I hope you can help me....!!!!!

You certainly have the correct ideas.

\(\displaystyle P(X\ge 5)=1-F(5-)\)

\(\displaystyle P(3\le X\le 4)=F(4)-F(3-)\)

 

[mathmari]

So is P(X>5)=1-P(X<=5)=1-F(5)=1-1=0??? and are the following right??? P(0<X<=3)=F(3)-F(0+)=0.8-0.2=0.6, P(0<X<3)=F(3-)-F(0+)=0.6-0.2=0.4, P(0<=X<=3)=F(3)-F(0)=0.8-0.2=0.6, P(1<X<=2)=F(2)-F(1+)=0.3-0.3=0, P(1<=X<=2)=F(2)-F(1)=0

 

[pka]

So is P(X>5)=1-P(X<=5)=1-F(5)=1-1=0??? and are the following right??? P(0<X<=3)=F(3)-F(0+)=0.8-0.2=0.6, P(0<X<3)=F(3-)-F(0+)=0.6-0.2=0.4, P(0<=X<=3)=F(3)-F(0)=0.8-0.2=0.6, P(1<X<=2)=F(2)-F(1+)=0.3-0.3=0, P(1<=X<=2)=F(2)-F(1)=0

Look at it this way:
\(\displaystyle P(X\le 3)\) is the accumulation on \(\displaystyle (-\infty,3]\) which is \(\displaystyle F(3)\).
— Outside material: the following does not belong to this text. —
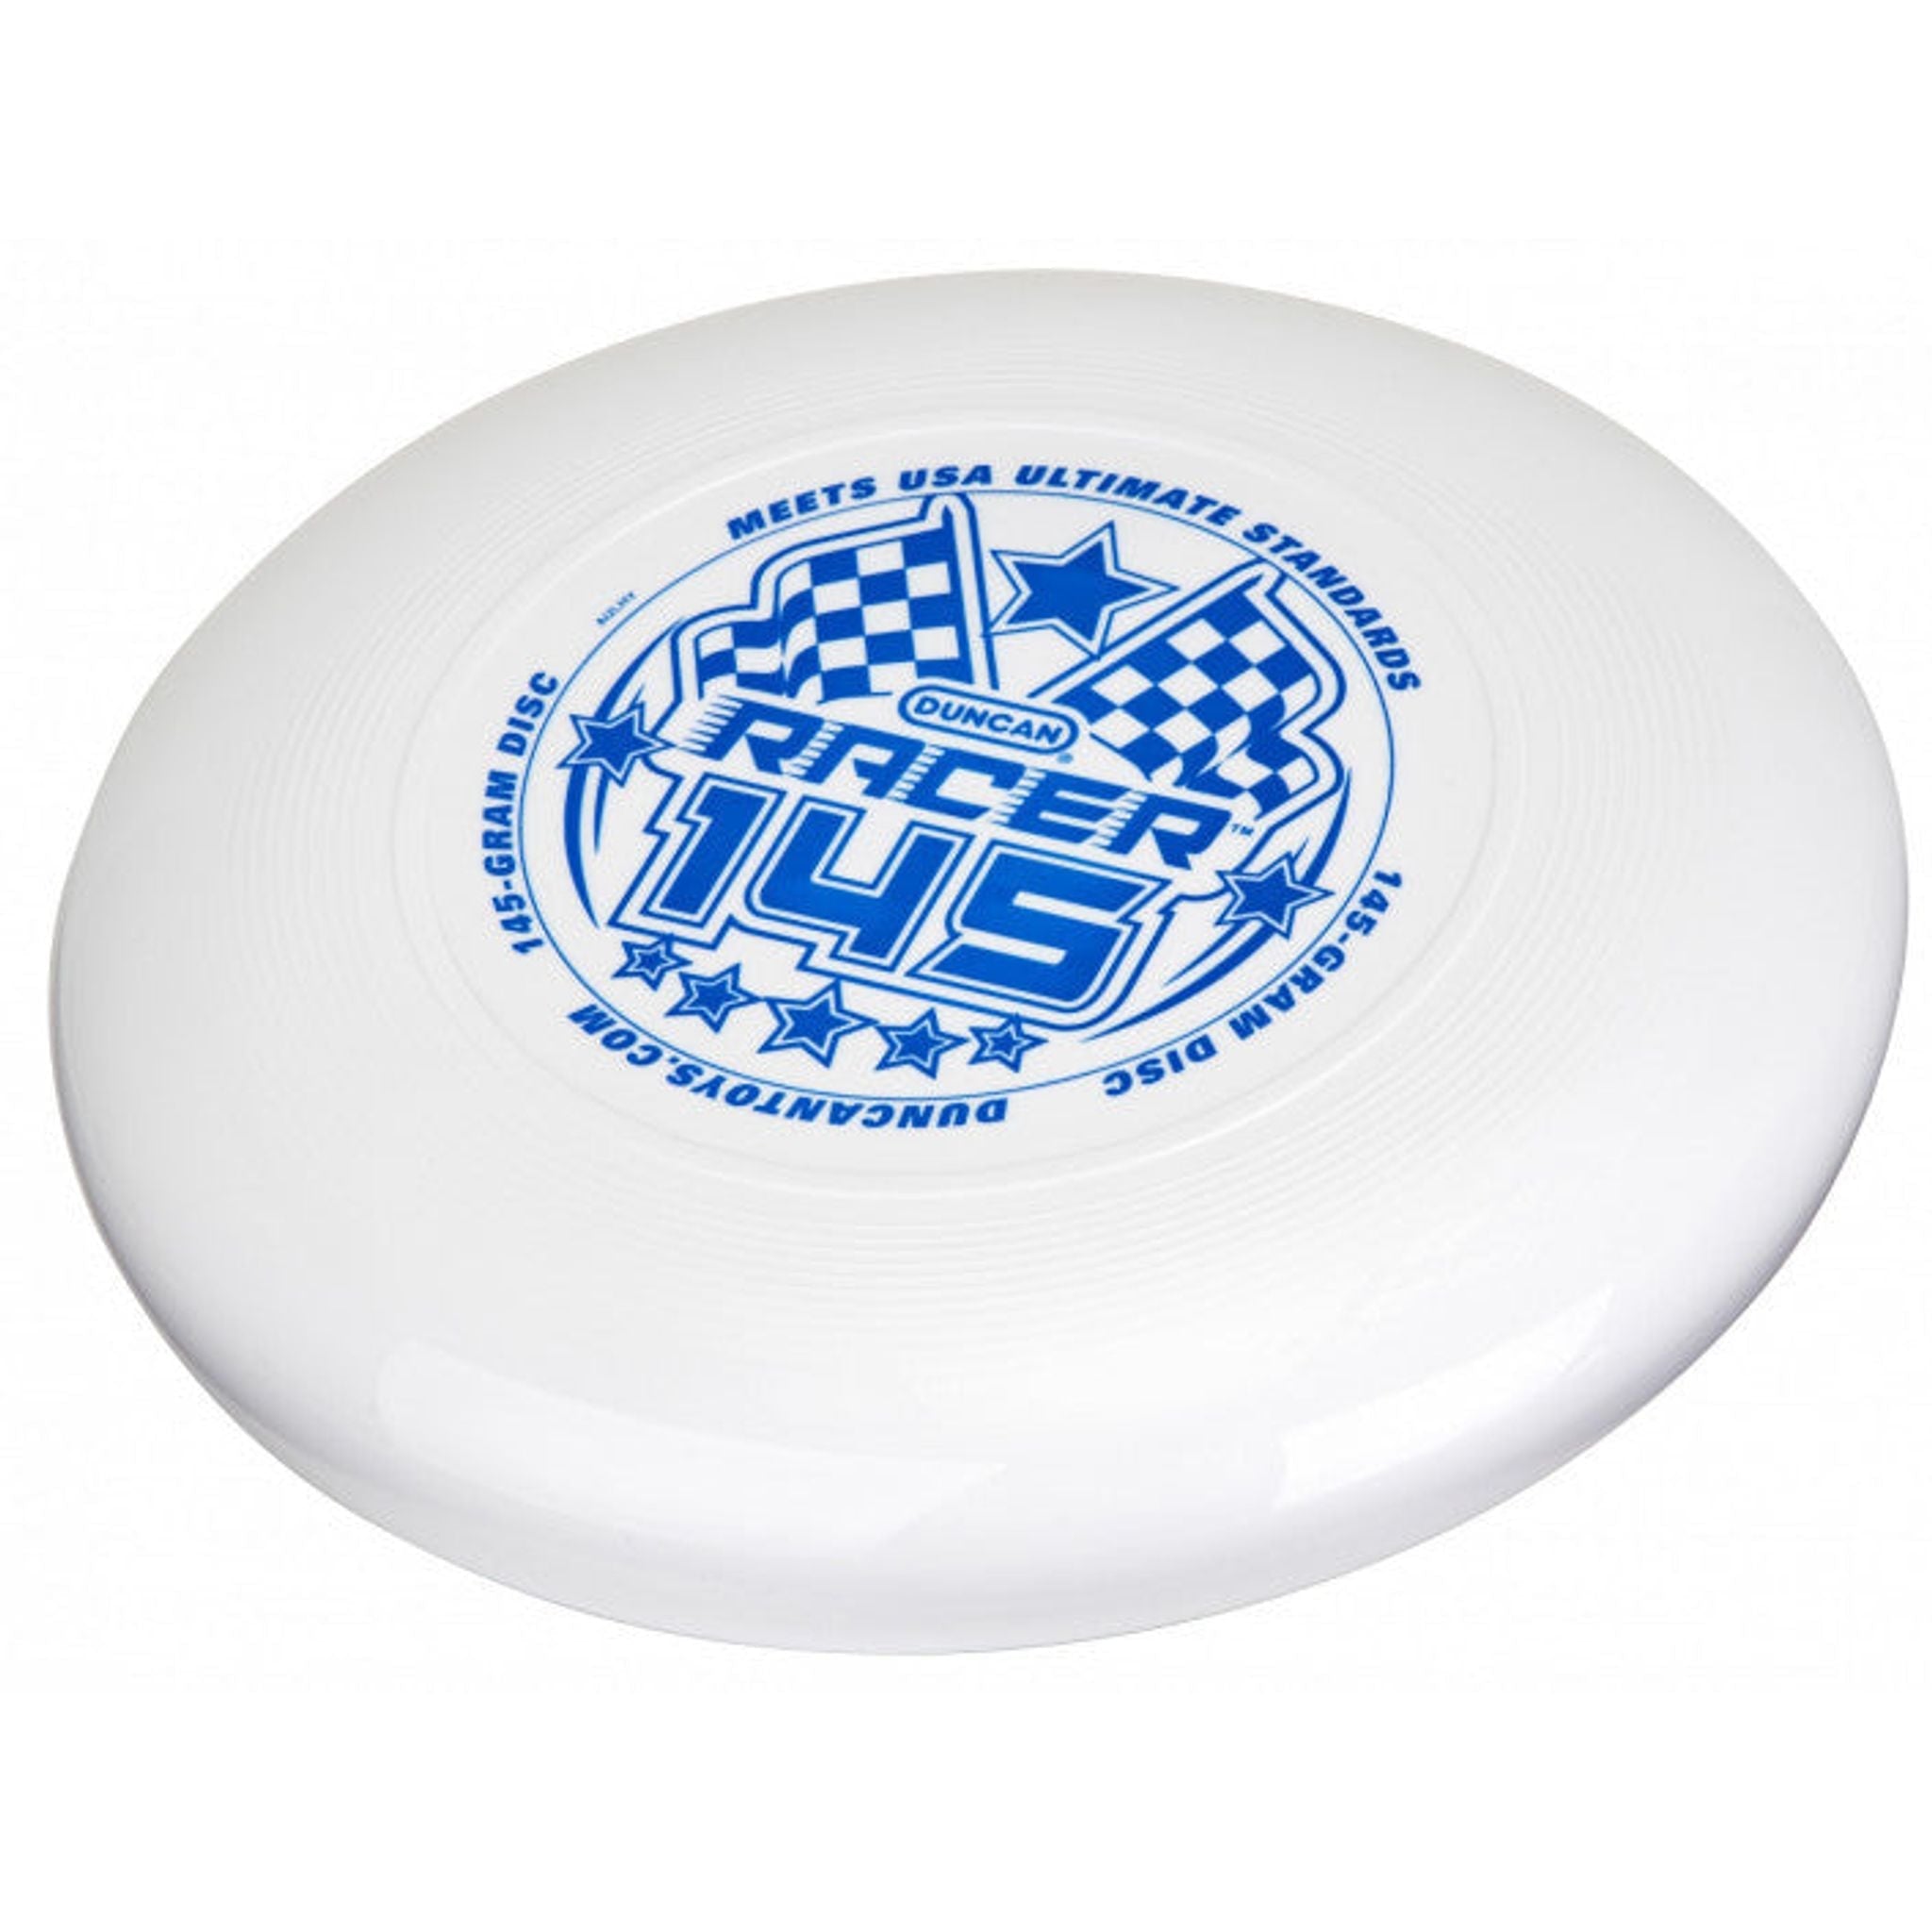 Duncan Racer 145 Frisbee - Toybox Tales

Thus \(\displaystyle P(0<X\le 3)\) is the accumulation on \(\displaystyle (-\infty,3]\setminus (-\infty, 0]\) which is \(\displaystyle F(3)-F(0)\).

Think in terms of complements.

So \(\displaystyle P(0<X< 3)\) is the accumulation on \(\displaystyle (-\infty,3)\setminus (-\infty,0]\) which is \(\displaystyle F(3-)-F(0)\)

\(\displaystyle \begin{array}{*{20}{c}} {1.}&{P(X \leqslant a) = F(a)} \\ {2.}&{P(X < a) = F(a^- )} \\ {3.}&{P(a < X \leqslant b) = F(b) - F(a)} \\ {4.}&{P(X = a) = F(a) - F(a^- )} \\ {5.}&{P(a < X < b) = F(b^- ) - F(a)} \\ {6.}&{P(a \leqslant X \leqslant b) = F(b) - F(a^- )} \\ {7.}&{P(a \leqslant X < b) = F(b^- ) - F(a^- )} \\ {8.}&{P(a < X) = 1 - F(a)} \\ {9.}&{P(a \leqslant X) = 1 - F(a^- )} \end{array}\)

 

[mathmari]

Thank you very much!!!!!!!!!!!!!!!!!!!!!!!!!!!!!!!!!!!!!!!!